Newton was on hand at the monthly Soundwaters business luncheon Thursday to listen to Brian Bankson of Greenwich Honda speak about the evolving world of hybrid cars.
Hybrid cars are part gasoline-powered internal combustion engine and part electric motor. The electric motor assists the gasoline engine to help reduce emissions and improve gas mileage. Honda calls it an Integrated Motor Assist System.
The hybrid car has evolved at Honda from the two-seat Insight to now include plans to have hybrids on every platform in Honda's stable, including their SUV models. The Honda Civic model on display at Soundwaters looks exactly like a normal Civic, except when you look at the mileage. The hybrid Civic has an expected miles-per-gallon rating of between 48 and 52, depending on the transmission.

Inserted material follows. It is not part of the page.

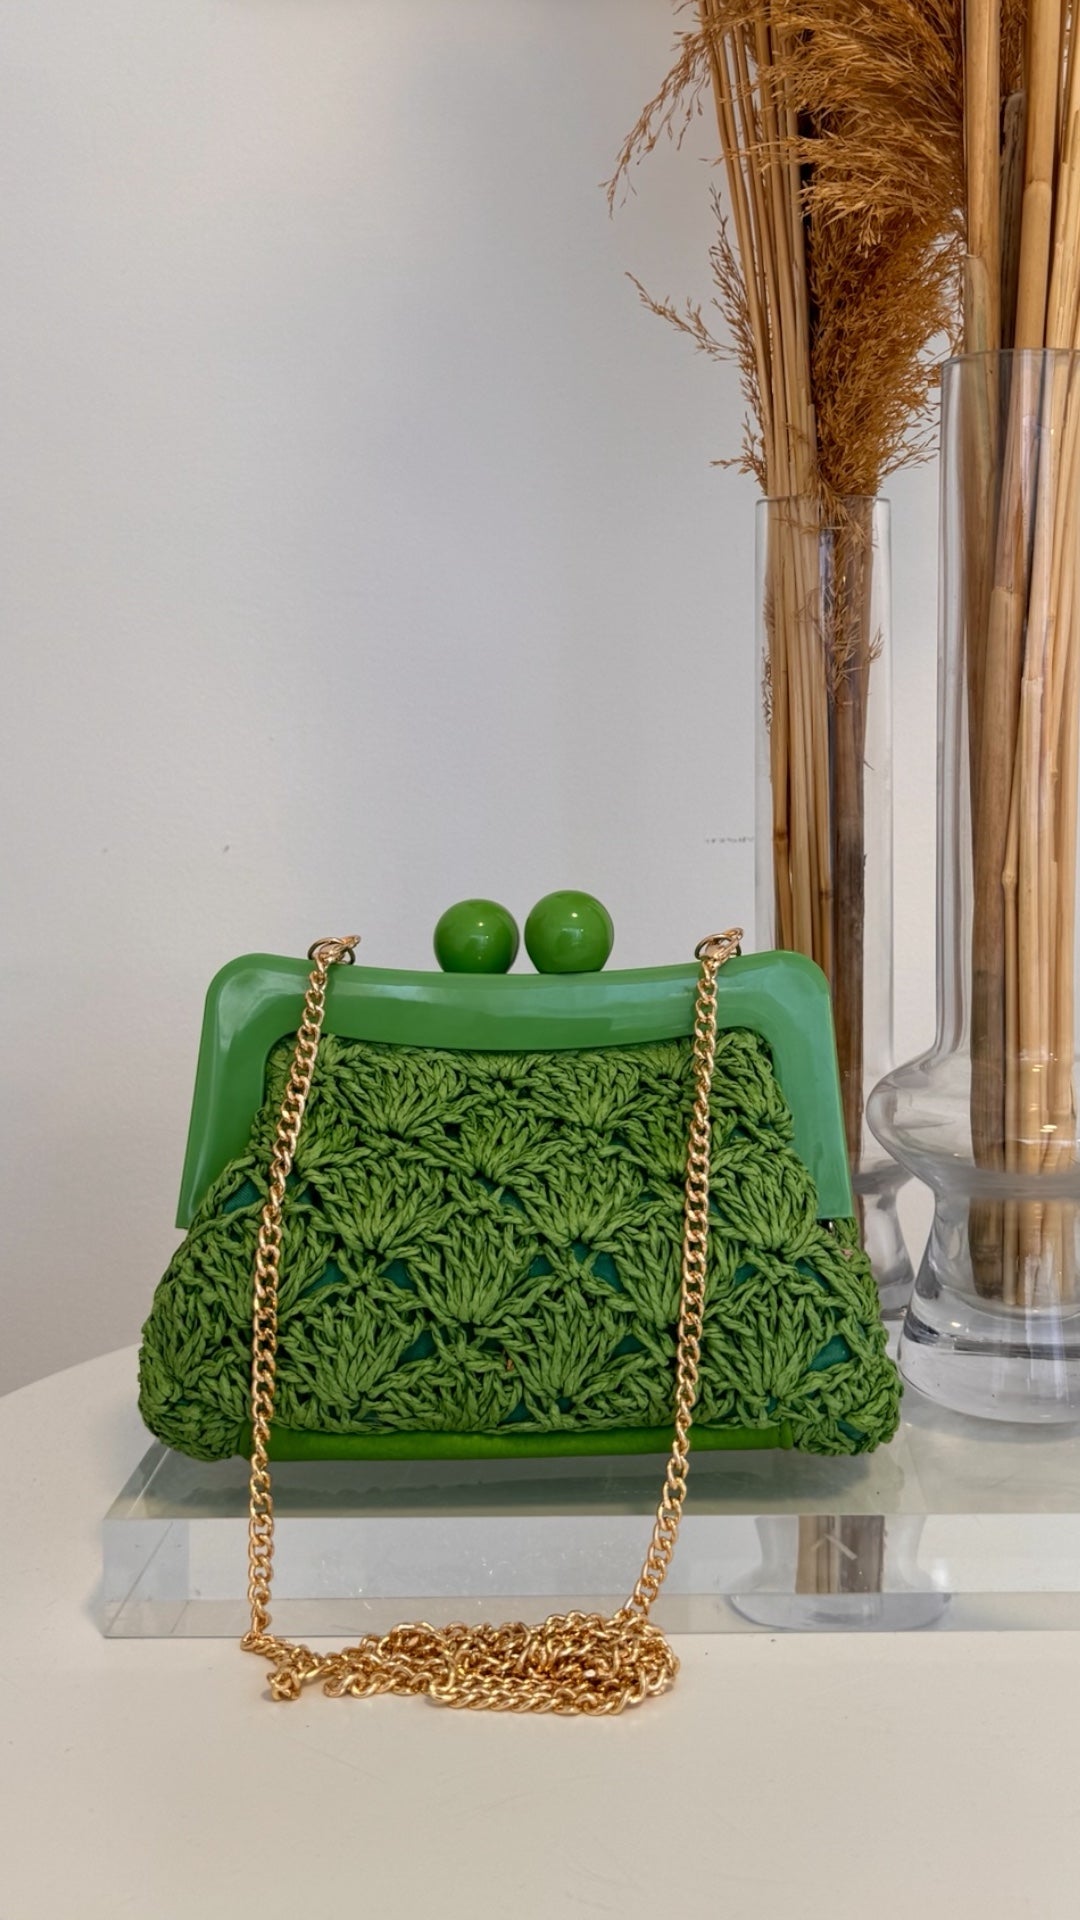 Hinata Bag in green

"Honda sees this as a bridge to the future," Bankson said. Bankson said Honda expects to sell 15,000 units this year. Pricing for the Honda Civic is around $21,000, about $4,000 higher than a regular Civic, but the hybrid comes with standard features such as climate control and collapsible mirrors that the standard Honda does not have.
The hybrid Civic, Bankson said, contains more lightweight aluminum but meets all of Honda's safety standards.
What was once viewed as an inconvenient, lifestyle-altering purchase is now an environmentally and economically friendly acquisition that does not require plugging anything in or special fuel. The battery recharges automatically and the combustion engine uses unleaded gasoline. For Newton, the director of the environmental studies program at Fairfield University, her hybrid car not only saves on emissions but improves her gas mileage. During a recent trip from New Hampshire, the car averaged over 50 miles per gallon.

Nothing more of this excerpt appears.